KLay: Accelerating Neurosymbolic AI

A popular approach to neurosymbolic AI involves mapping logic formulas to arithmetic circuits (computation graphs consisting of sums and products) and passing the outputs of a neural network through these circuits. This approach enforces symbolic constraints onto a neural network in a principled and end-toend differentiable way. Unfortunately, arithmetic circuits are challenging to run on modern AI accelerators as they exhibit a high degree of irregular sparsity. Interest in neurosymbolic AI (Hitzler & Sarker, 2022) continues to grow as the integration of symbolic reasoning and neural networks has been shown to increase reasoning capabilities (Yi et al., 2018; Trinh et al., 2024), safety (Yang et al., 2023), controllability (Jiao et al., 2024), and interpretability (Koh et al., 2020).
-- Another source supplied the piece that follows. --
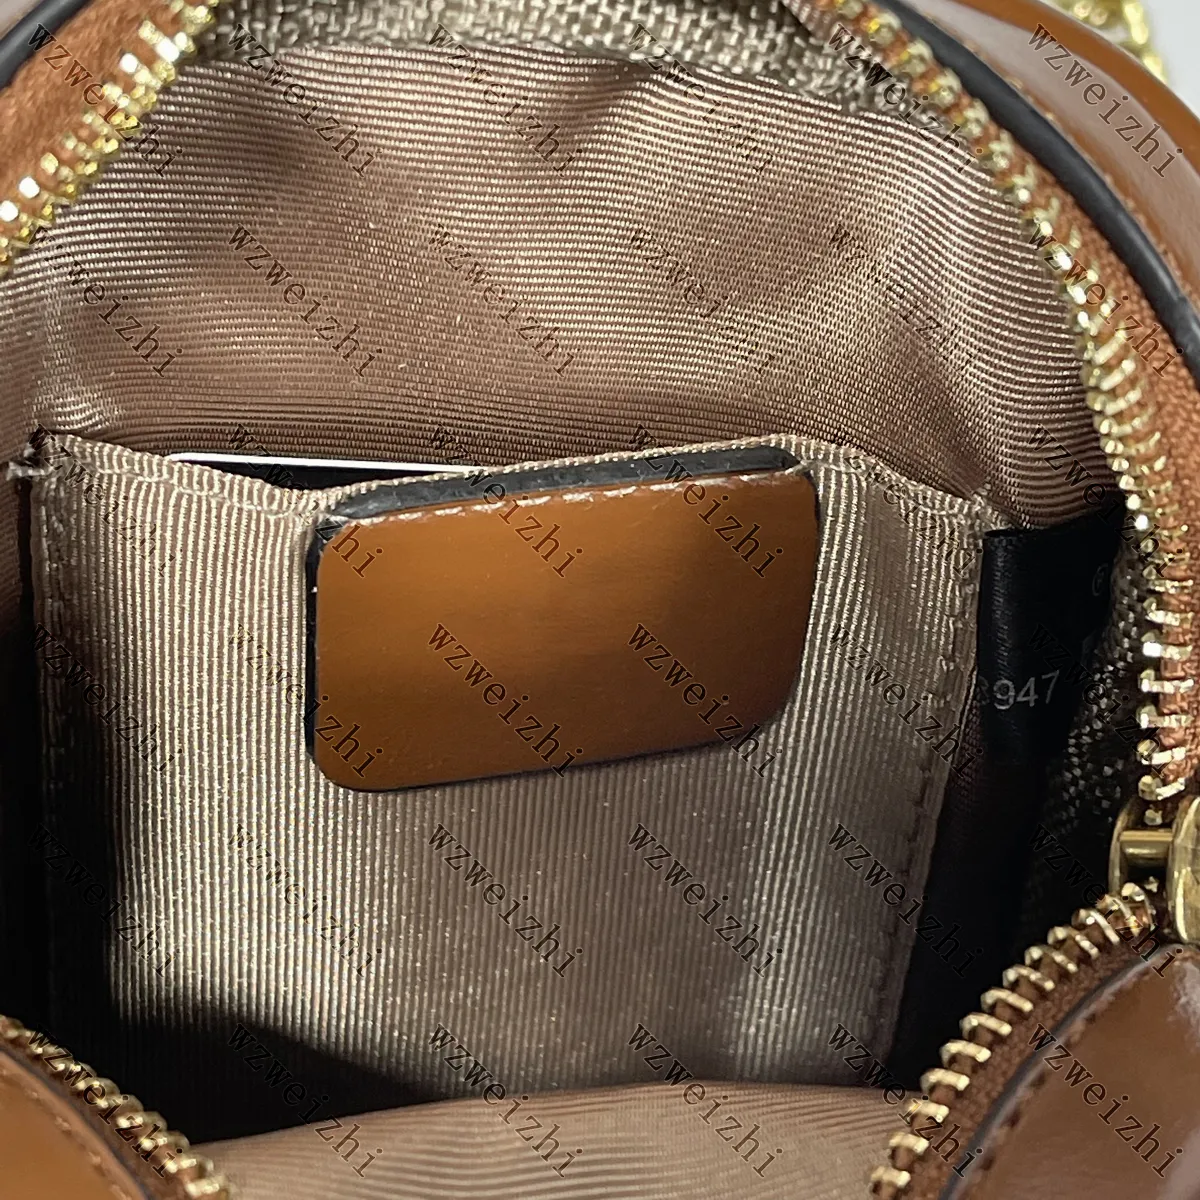 Latest Style Marmont Mini Handbag Wallets Coin Purses Gold Chain Shoulder Bag Crossbody Bags Mobile Phone Package 10 5x17x5CM277U

Furthermore, neurosymbolic methods often require less data by allowing a richer and more explicit set of priors (Diligenti et al., 2017; Manhaeve et al., 2018). However, as the computational structure of many neurosymbolic models is partially dense (in its neural component) and partially sparse (in its symbolic component), efficiently learning neurosymbolic models still presents a challenge (Wan et al., 2024). So far, the symbolic components of these neurosymbolic models have struggled to fully exploit the potential of modern AI accelerators. Our work focuses on a particular flavor of neurosymbolic AI, pioneered by Xu et al. (2018) and Manhaeve et al. (2018), which performs probabilistic inference on the outputs of a neural network. This is achieved by encoding the symbolic knowledge using arithmetic circuits.